Probabilistic machine learning algorithms for molecule discovery
Repository URI
Repository DOI
Change log
Authors
Abstract
Discovering new molecules empowers humanity to solve problems in health, agriculture, energy, and more. The key challenge of molecule discovery is that the space of all possible molecules is vastly larger than the amount of molecules which we can test experimentally with our limited resources. Given this challenge, arguably the best option is to judiciously select which molecules to test based on both our current knowledge and our expectation of what information will be gained from each test.

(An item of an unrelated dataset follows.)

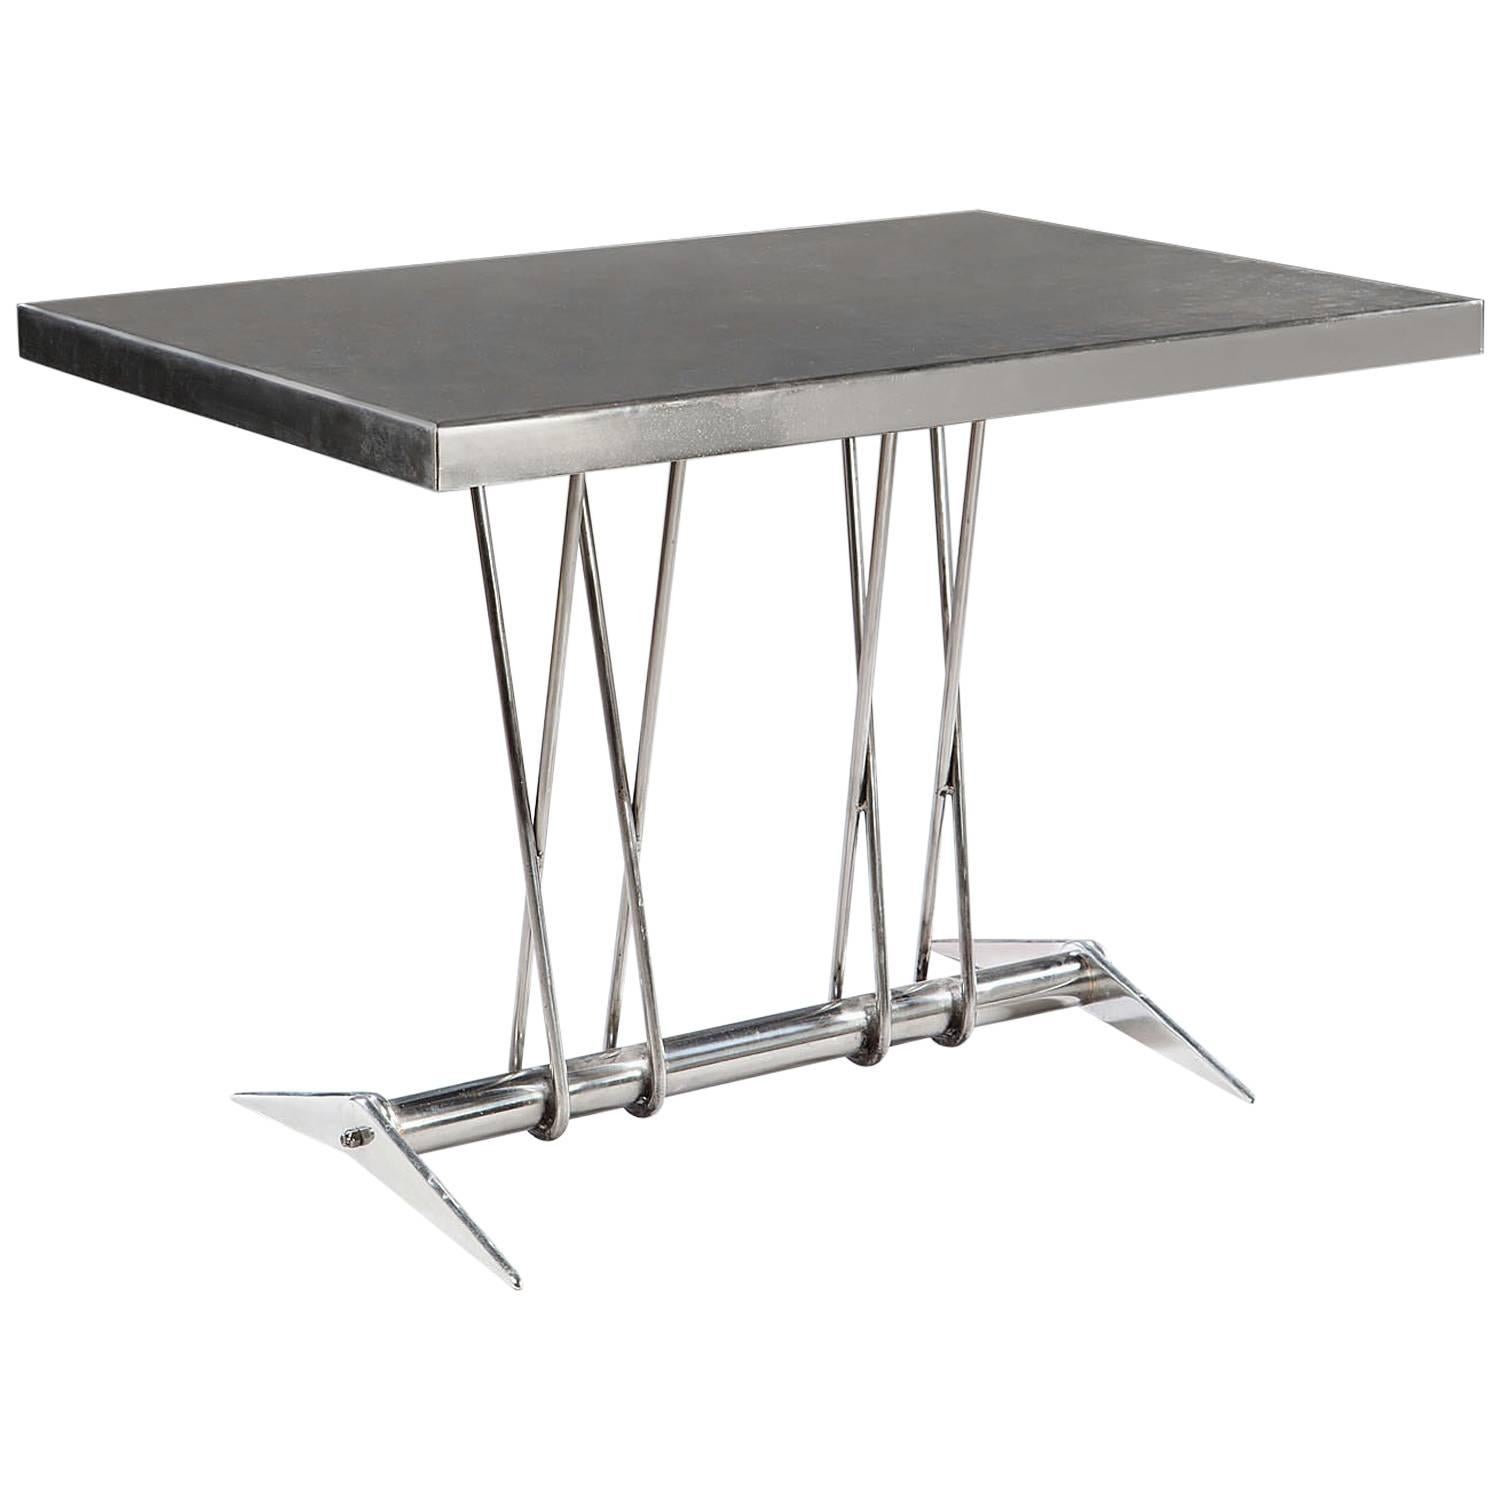 French Modernist Polished Steel Centre Table
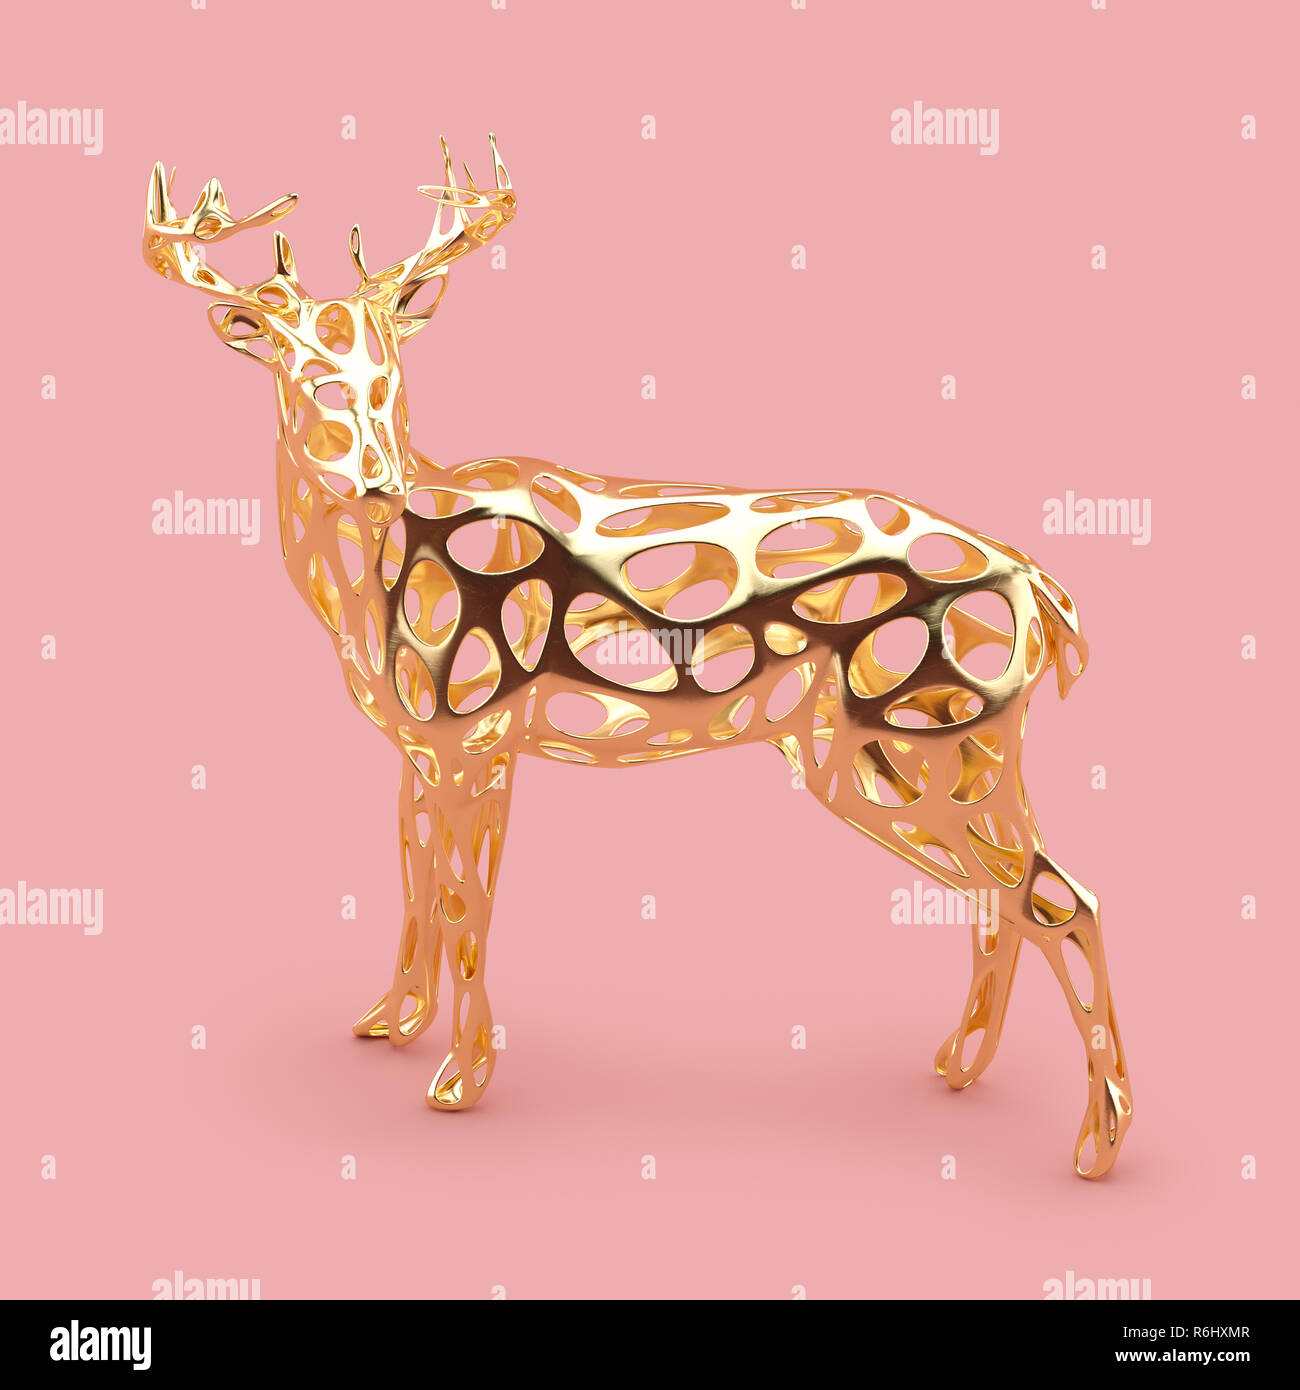 Abstract golden Christmas deer statuette on rose gold background. Stock Photo

In machine learning, this approach is typically called Bayesian optimisation and has been studied for many other problems, such as tuning hyperparameters of machine learning models. Although in principle Bayesian optimisation can be straightforwardly applied to the problem of discovering new molecules, the discrete nature of molecules means that new models and algorithms are needed to make Bayesian optimisation work in practice.
This thesis presents various probabilistic machine learning algorithms which could be used within a Bayesian optimisation loop to discover new molecules. Latent space optimisation with weighted retraining (chapter 3) and adaptive deep kernel fitting with implicit function theorem (chapter 4) are both algorithms which use a Gaussian process with a deep neural network kernel function to model the relationship between molecular structure and some property of interest. Tanimoto random features (chapter 5) allows an established cheminformatics model to be applied (approximately) to large datasets. Finally, retro-fallback (chapter 6) uses a novel probabilistic formulation of the retrosynthesis problem to estimate whether a molecule can be synthesized, and thereby determine whether it should be considered by Bayesian optimisation. Together, these algorithms form a suite of tools which could be used to discover new molecules automatically and intelligently.